**DATA EXTRACT**
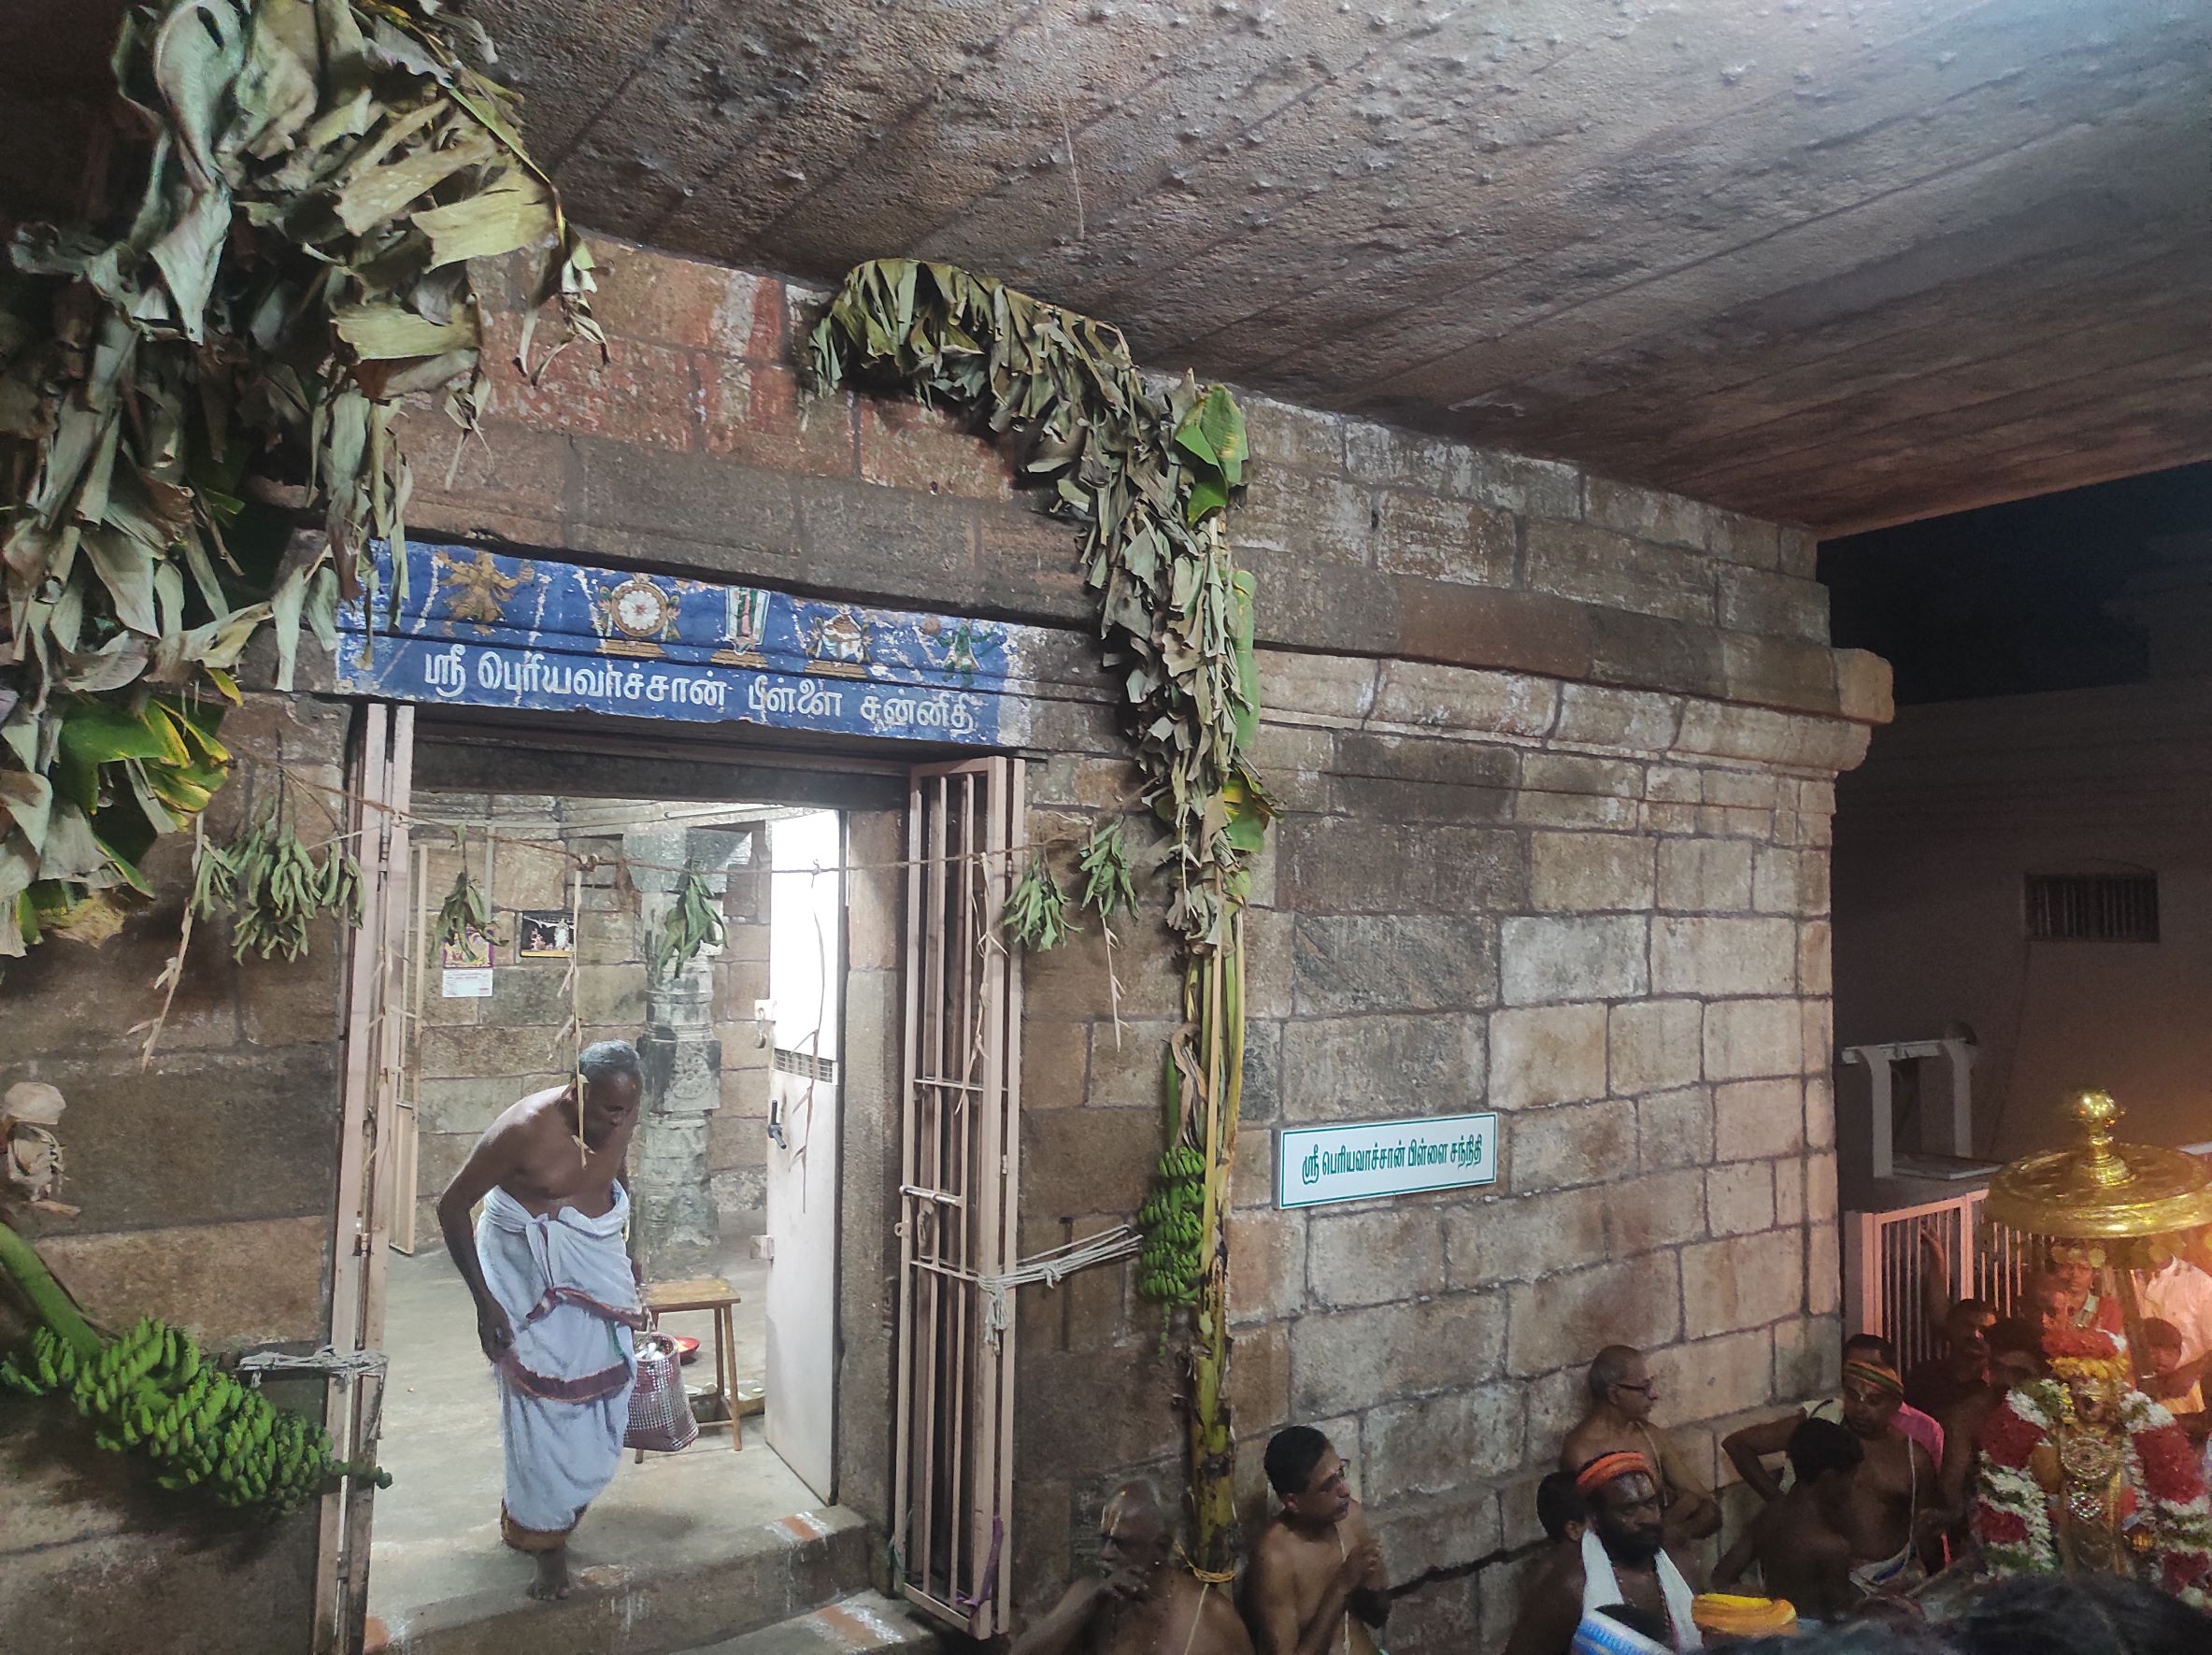 Namperumal, the Srirangam utsavar, visits the shrine of 'Vyakhyana Chakravarti' Periyavachan Pillai inside the temple during Vasanthotsavam. Periyavachan Pillai is a disciple of Nampillai, who has himself a commentary on Nammazhwar's Thiruvaimozhi
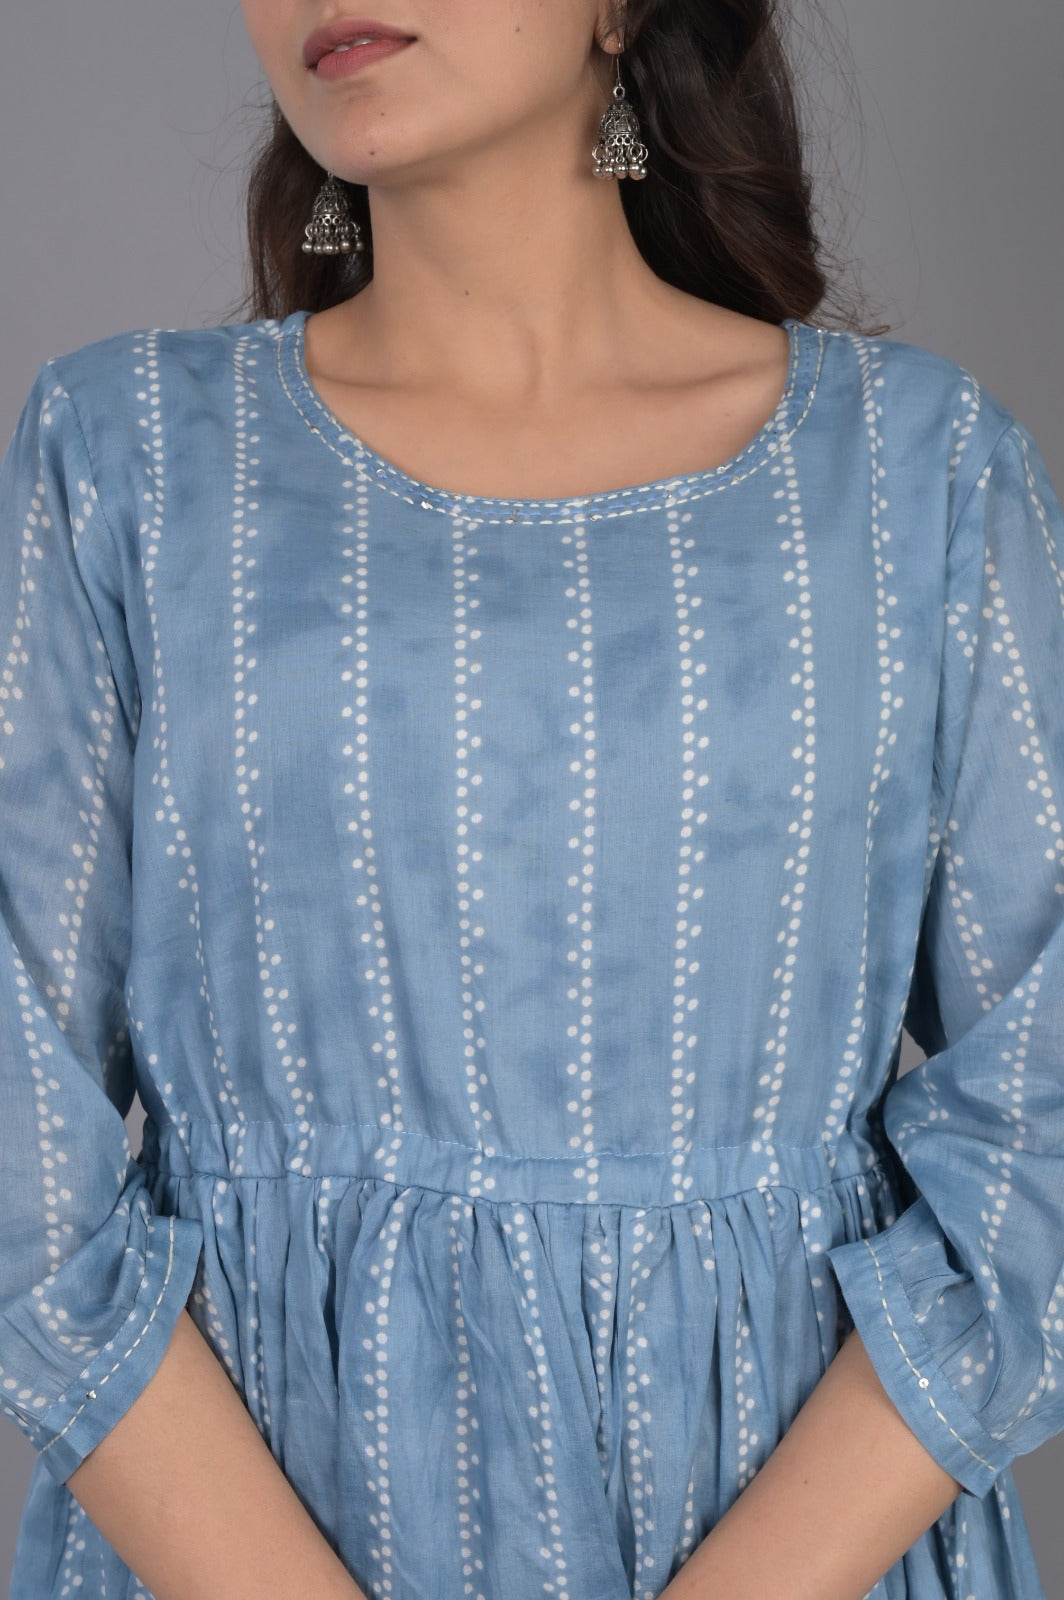 Cotton 3-Tier Blue Flared Dress
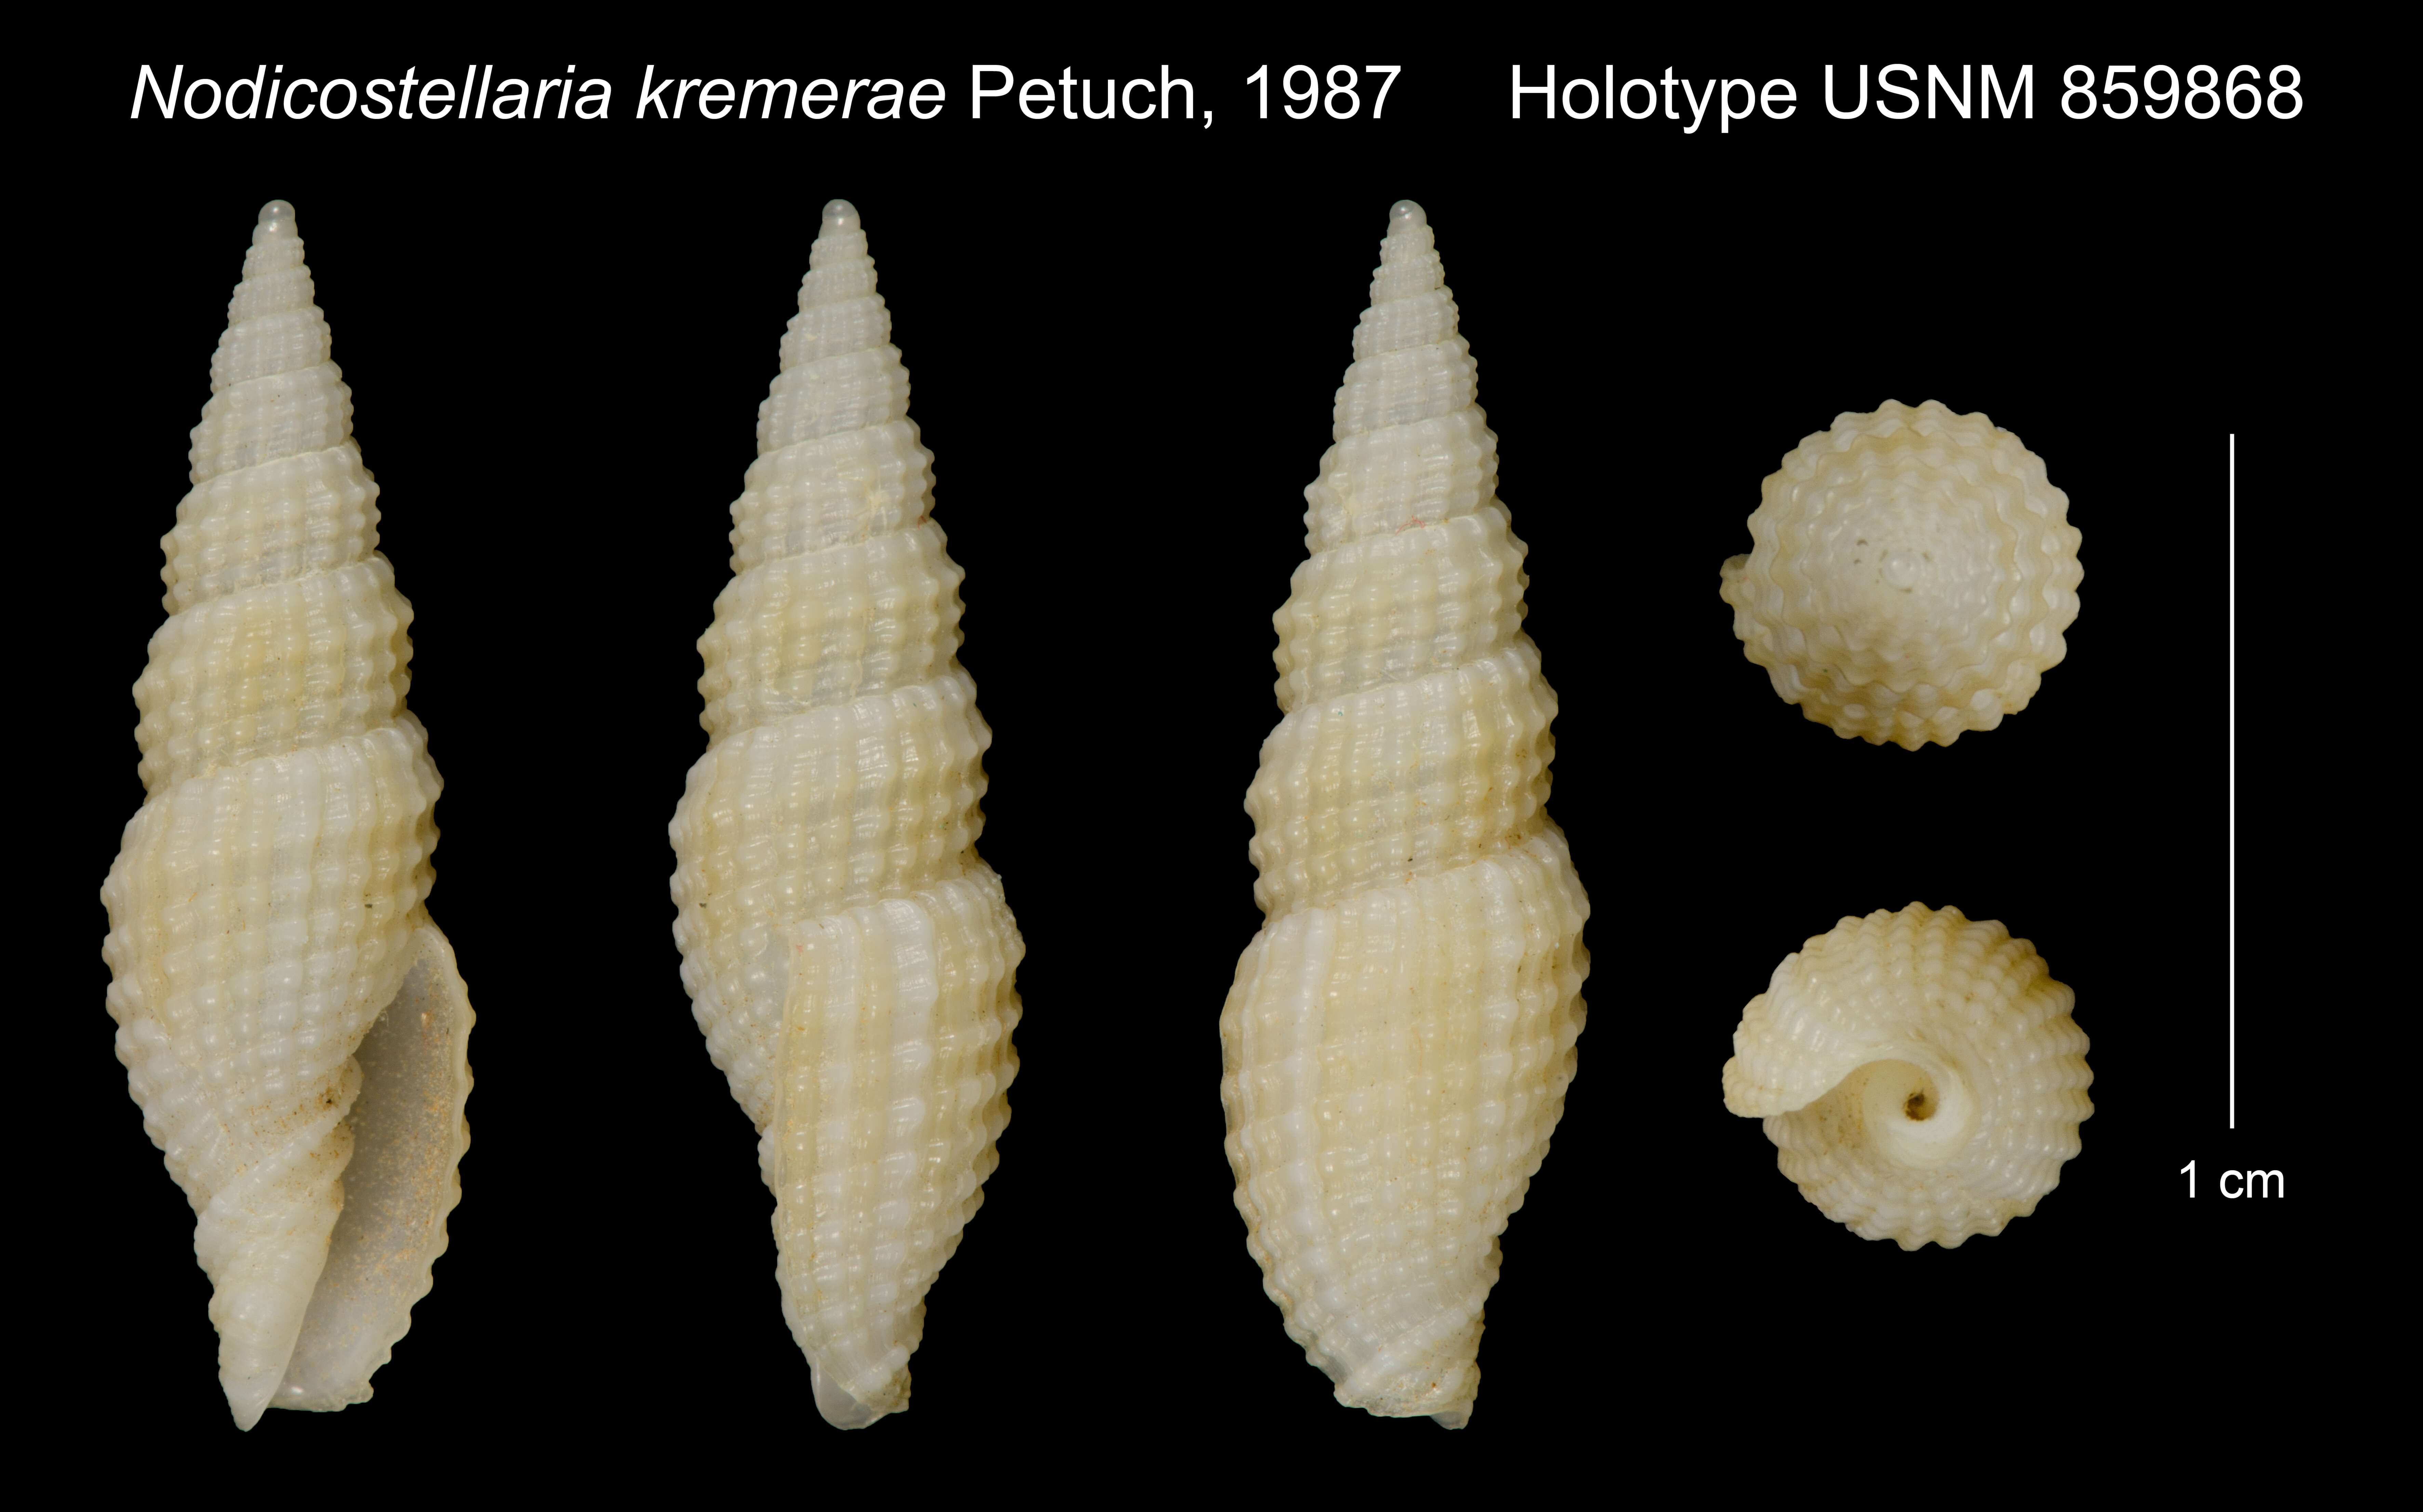 Image of Nodicostellaria kremerae Petuch 1987

**YOUR INSTRUCTIONS**
Please copy the data shown above precisely, leaving the images out.

**COMPLETED TASK**
 Namperumal, the Srirangam utsavar, visits the shrine of 'Vyakhyana Chakravarti' Periyavachan Pillai inside the temple during Vasanthotsavam. Periyavachan Pillai is a disciple of Nampillai, who has himself a commentary on Nammazhwar's Thiruvaimozhi
 Cotton 3-Tier Blue Flared Dress
 Image of Nodicostellaria kremerae Petuch 1987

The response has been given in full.